What is an ROI company?
Christopher Ramos
Updated on February 08, 2026
Definition: A profitability measure that evaluates the performance of a business by dividing net profit by net worth. Return on investment, or ROI, is the most common profitability ratio. There are several ways to determine ROI, but the most frequently used method is to divide net profit by total assets.
What is ROI example?
Return on investment (ROI) is the ratio of a profit or loss made in a fiscal year expressed in terms of an investment. For example, if you invested $100 in a share of stock and its value rises to $110 by the end of the fiscal year, the return on the investment is a healthy 10%, assuming no dividends were paid.
What is a good ROI percentage for a business?
Because small business owners usually have to take more risks, most business experts advise buyers of typical small companies to look for an ROI between 15 and 30 percent.
How do I make a 20% ROI?
Get 20% ROI Without Assuming Debt
- Be very good at stock investing.
- Invest in real estate or business and reinvest your cash flow.

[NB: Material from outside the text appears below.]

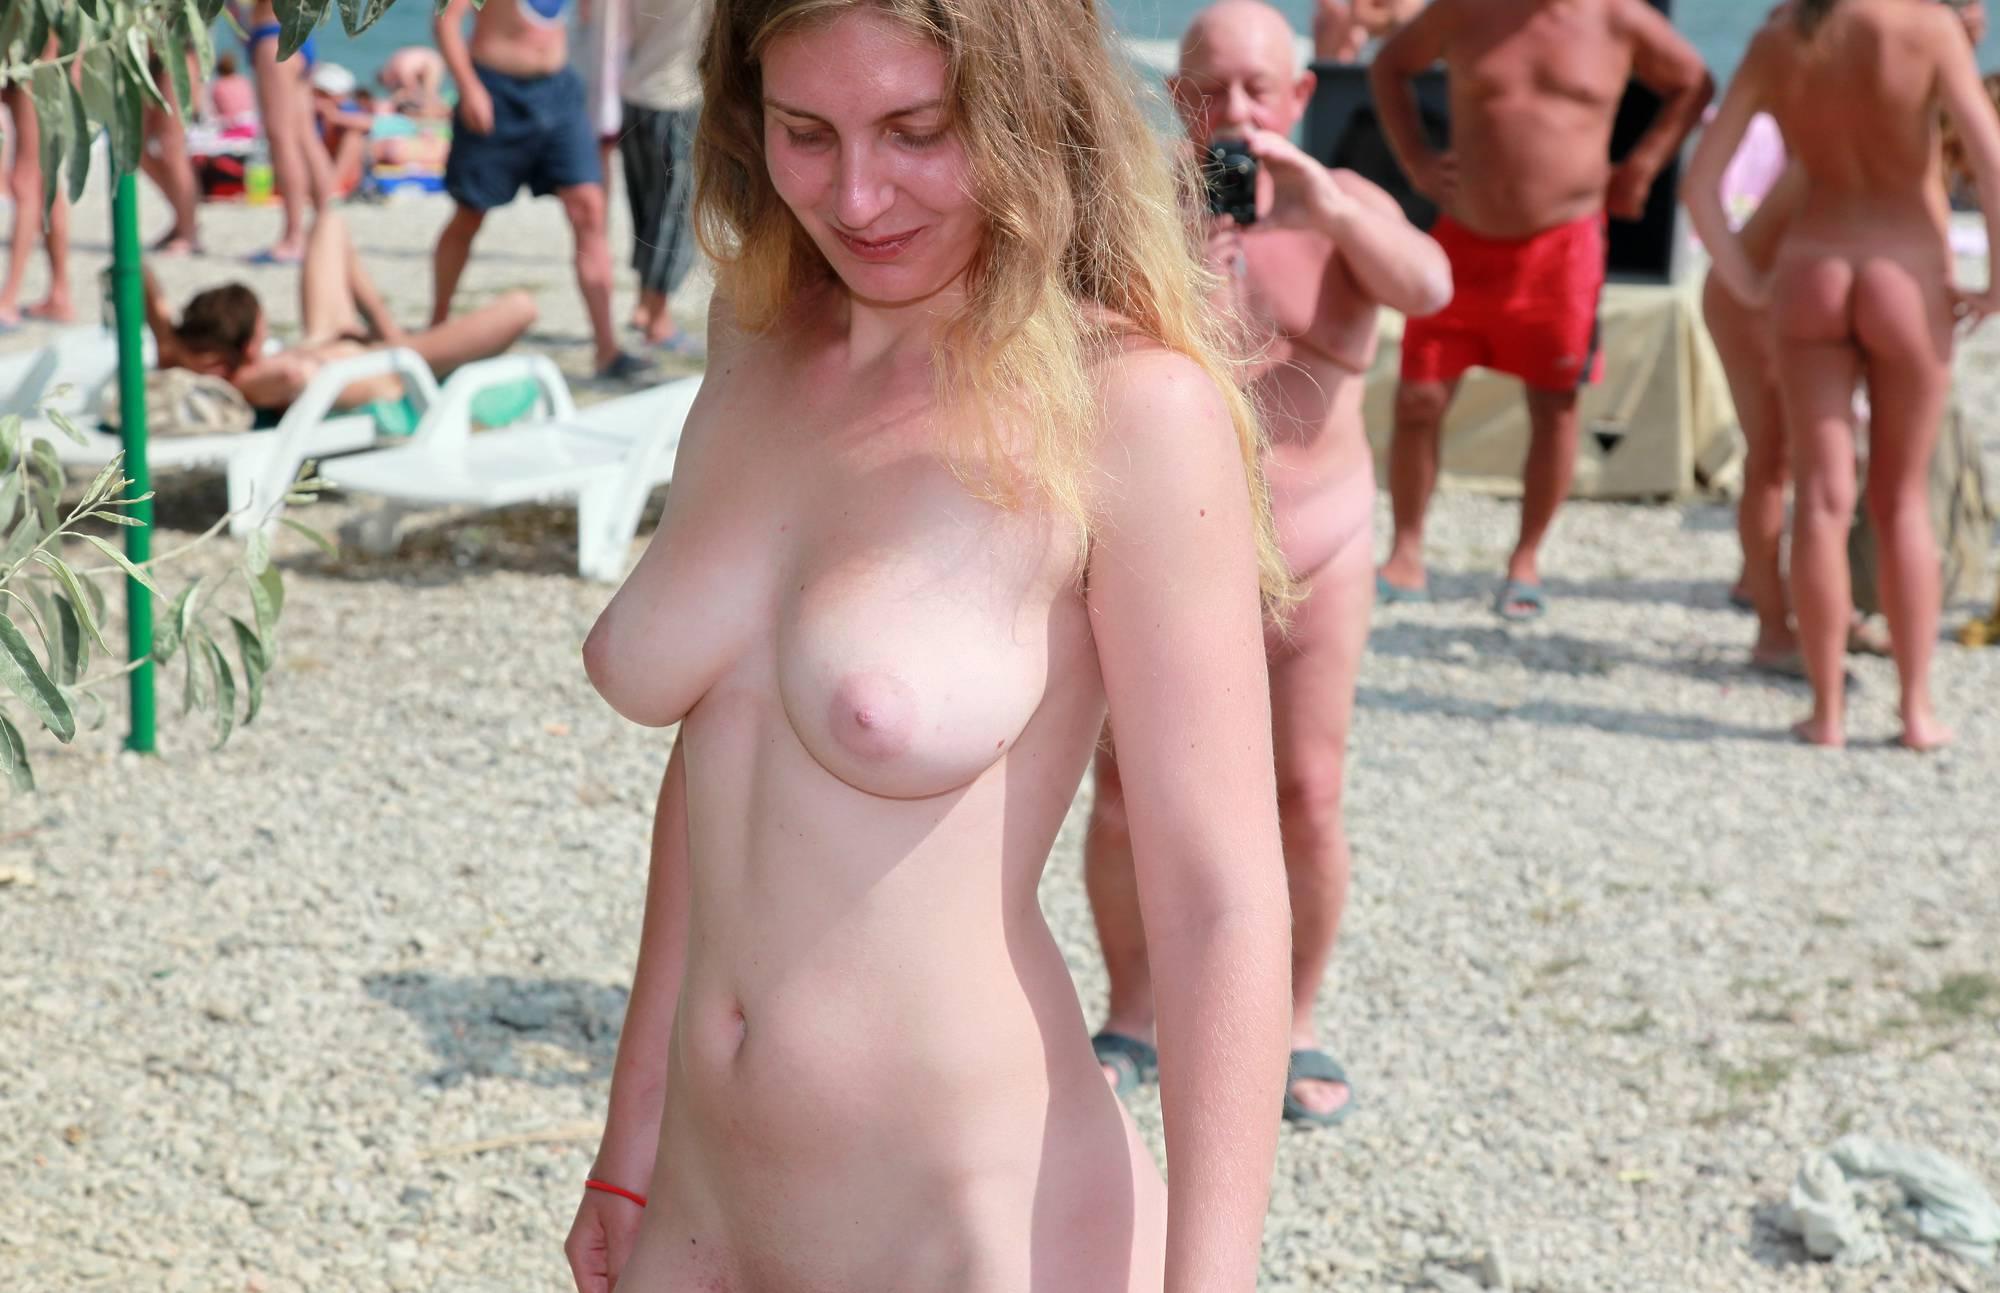 Nudist Pics Parents Nudist Beach Still - 2

How much is a good return on investment?
It’s important for investors to have realistic expectations about what type of return they’ll see. A good return on investment is generally considered to be about 7% per year. This is the barometer that investors often use based off the historical average return of the S&P 500 after adjusting for inflation.
What does Roi mean in terms of return on investment?
The typical ROI calculation shows how much an investment yielded overall. However, if you’re comparing ROI from two or more investments, the amount of time it takes to make a given return matters too. For example, let’s say an investor is comparing the ROI from two different investments.
What are the different versions of the Roi formula?
ROI Formula. There are several versions of the ROI formula. The two most commonly used are shown below: ROI = Net Income / Cost of Investment. or. ROI = Investment Gain / Investment Base. The first version of the ROI formula (net income divided by the cost of an investment) is the most commonly used ratio.
Which is an example of the limitations of using ROI?
Examples like Joe’s (above) reveal some limitations of using ROI, particularly when comparing investments. While the ROI of Joe’s second investment was twice that of his first investment, the time between Joe’s purchase and sale was one year for his first investment and three years for his second.
What’s the ROI on a piece of land?
Different investors use ROI differently. However, the biggest nuance with ROI is that there is no timeframe involved. Take for instance, an investor with an investment decision between a diamond with a ROI of 1,000% or a piece of land with an ROI of 50%.